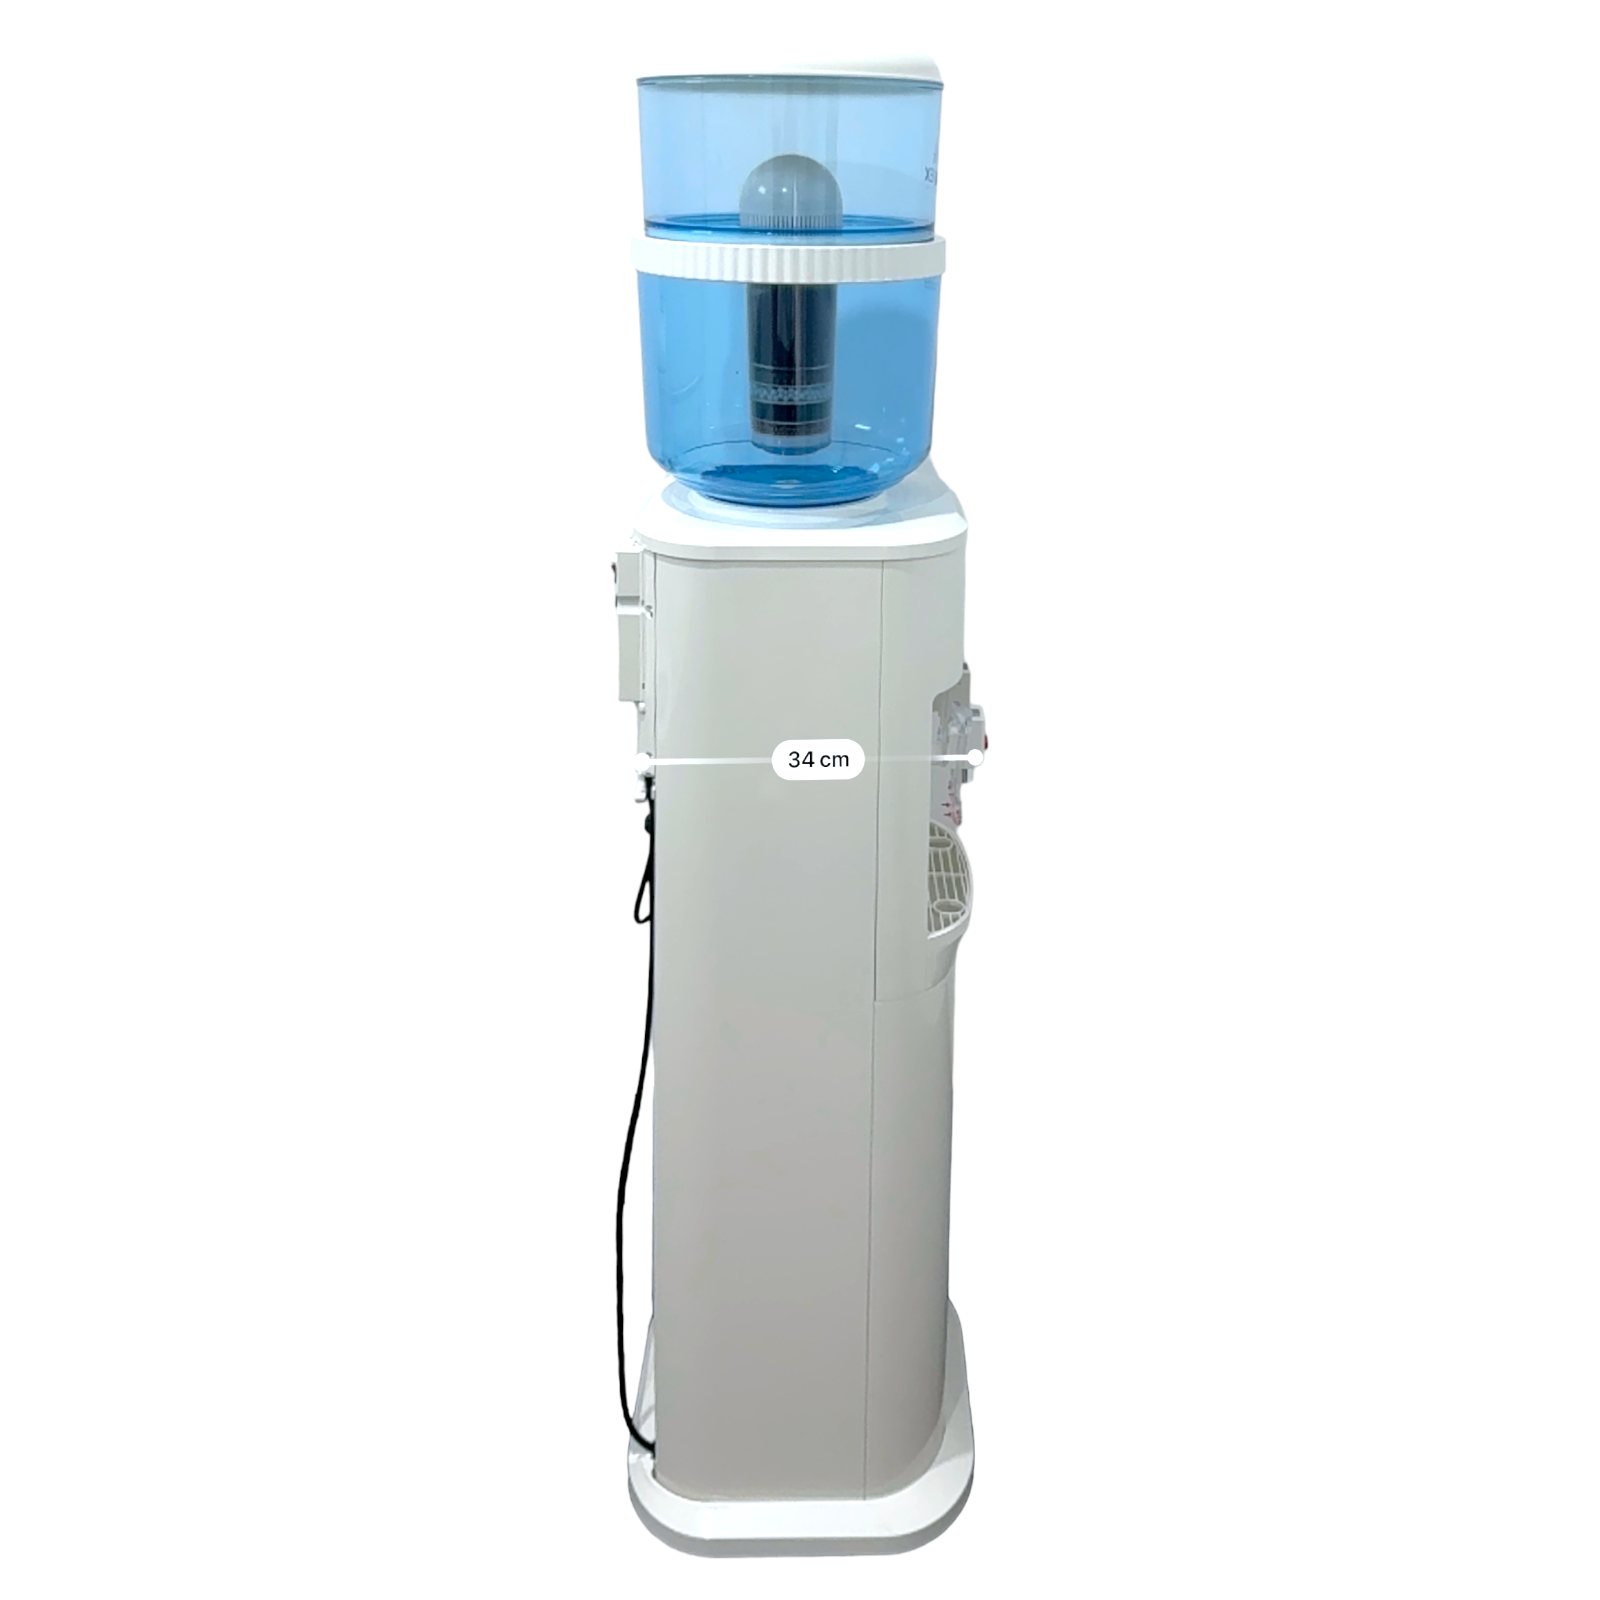 White Hot and Cold Free Standing Water Dispenser w/ Filter, LG Compressor
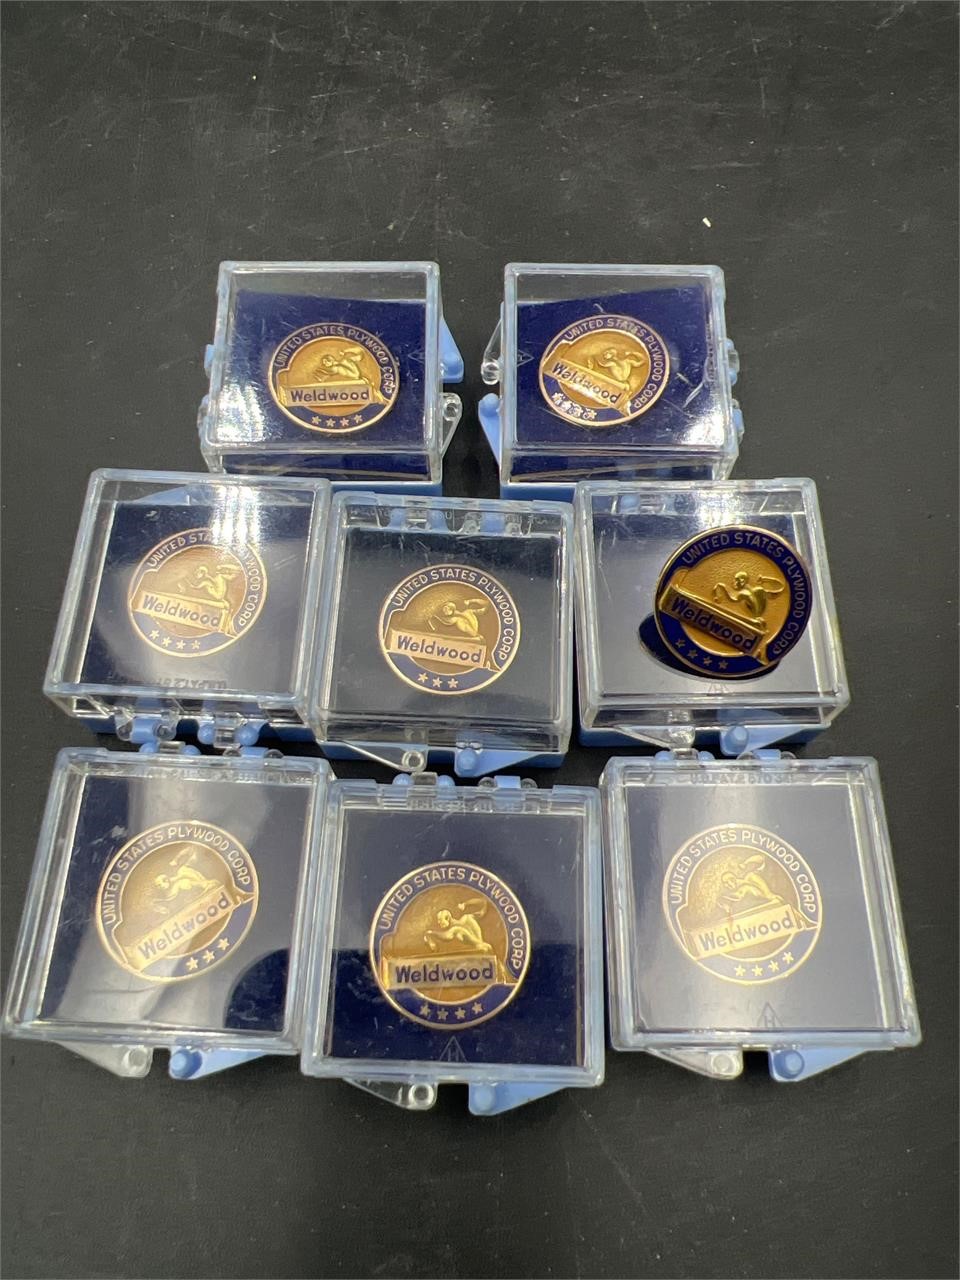 CTO 10K Weldwood United States Plywood Corp pins
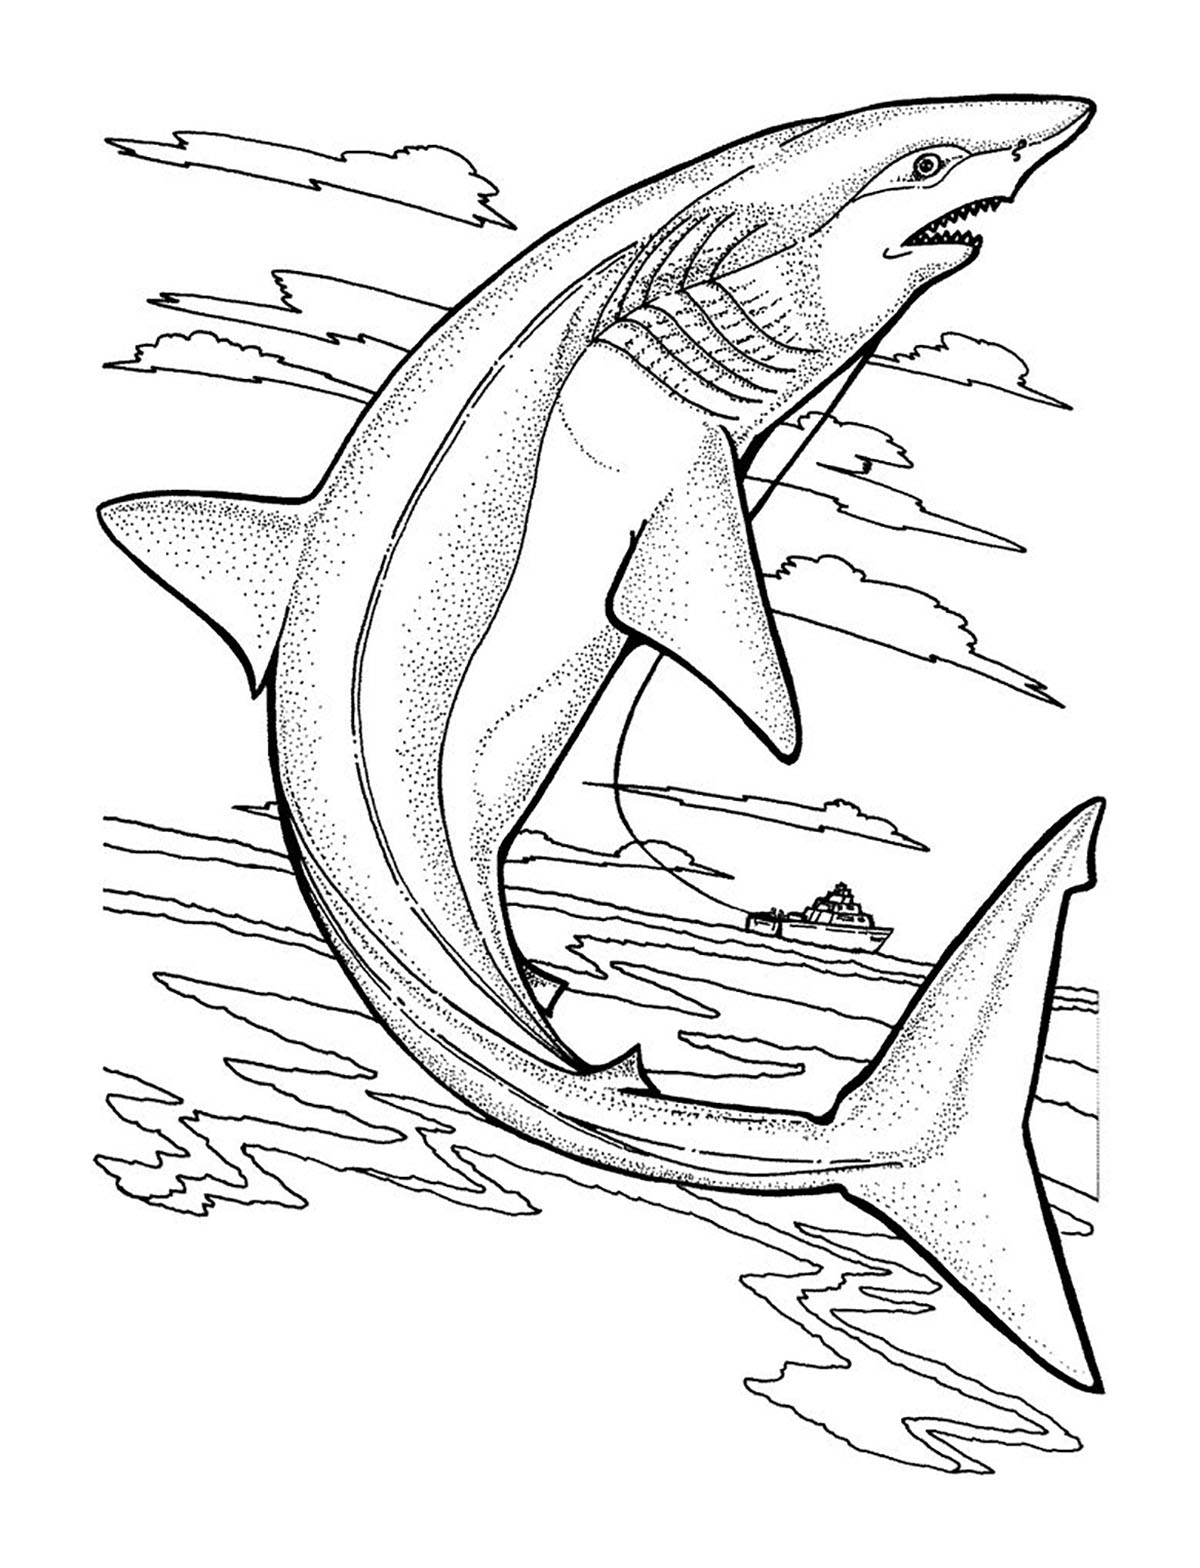 Sharks to print for free - Sharks Kids Coloring Pages

*WHAT YOU ARE ASKED TO DO*: Without altering anything, output all the lines above but none of the images.

*FINAL ANSWER*:
 White Hot and Cold Free Standing Water Dispenser w/ Filter, LG Compressor
 CTO 10K Weldwood United States Plywood Corp pins
 Sharks to print for free - Sharks Kids Coloring Pages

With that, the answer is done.